Closed jreadey closed 8 years ago
What chunk size should I use? Which dataset in NCEP3? Please be more specific. What would be the name of bucket/directory to save?
See issue #8 for a discussion on determining the chunksize.
The NCEP3 dataset is on the OSDC cluster here: s3://hdfdata/ncep3/.
Let store different compression formats/chunksizes like so:
s3://hdfdata/ncep3
@hyoklee Do a s3cmd ls s3://hdfdata/ncep3/
command. All those HDF5 file, or more precisely all the datasets in those file, should be chunked.

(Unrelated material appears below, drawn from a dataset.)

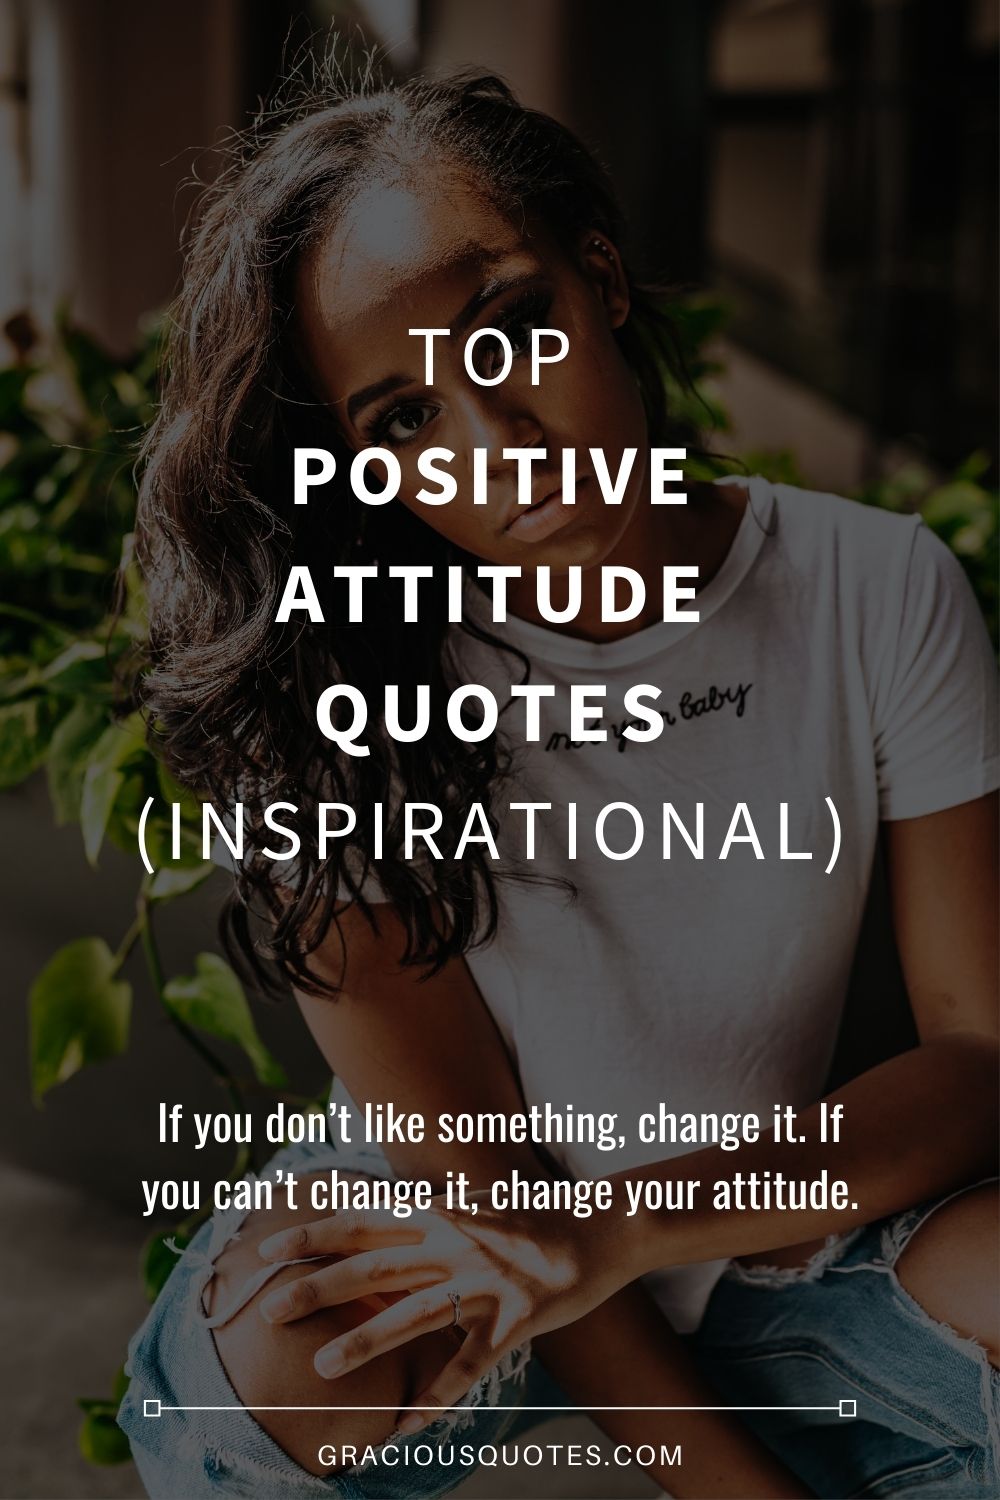 Top Positive Attitude Quotes (INSPIRATIONAL) - Gracious Quotesv
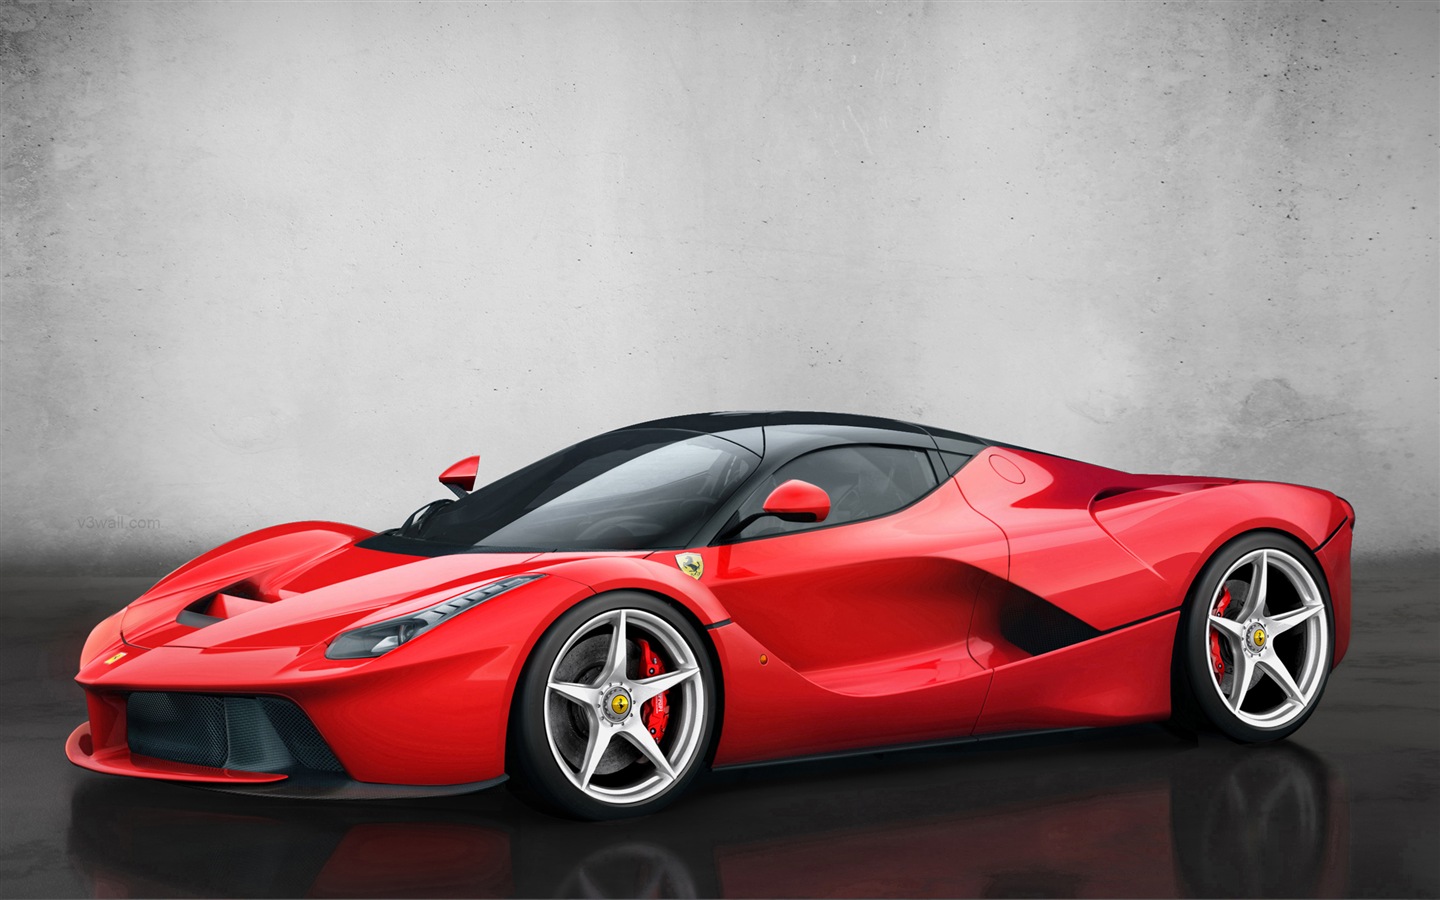 2013 Ferrari LaFerrari 法拉利LaFerrari红色超级跑车高清壁纸7 - 1440x900

As for the chunk size, we obviously don't have a tool that can give us an ultimate answer. I created a notebook you can use to plug in particular HDF5 dataset sizes and get suggestions for chunk sizes. We can then decide which suggestion we like more.
Do you want to re-chunk / re-compress all datasets? Does your summary script work on a particular dataset?
Do you want to re-chunk / re-compress all datasets?
All datasets should be rechecked re-chunked. (Thanks, @jreadey!)
re-chunked!
Do you want to re-chunk/compress with h5py script or can I use h5repack command line tool that can understand filters?
Sounds like you think h5repack is a better tool? I have no preference.
I started putting chunked version (h5py suggested size) into:
s3://hdfdata/ncep3_chunk_45_180_gzip_9/
Please check if the files are re-chunked in a way that meets your need.
Looks like we're getting good compression. Less than half the original size.
How long did it take to compress all the files?
@hyoklee - can you document the work by checking in the script that did the compression? We can create a folder like "transform" or something to put in all the codes we use.
It took 20 min per year so 1987-2008 will take 22 * 20min = 440min. I ran it overnight and all files are re-chunked and compressed.
It took 6 hours to repack 7850 files using Unidata heuristic.
(py34)ubuntu@test2:~$ s3cmd ls s3://hdfdata
DIR s3://hdfdata/cortad/
DIR s3://hdfdata/ncep3/
DIR s3://hdfdata/ncep3_chunk_22_46_gzip_9/
DIR s3://hdfdata/ncep3_chunk_45_180_gzip_9/
For details, look at wiki: https://github.com/HDFGroup/datacontainer/wiki/User-Guide
Chunkify NCEP3 dataset and save to object store.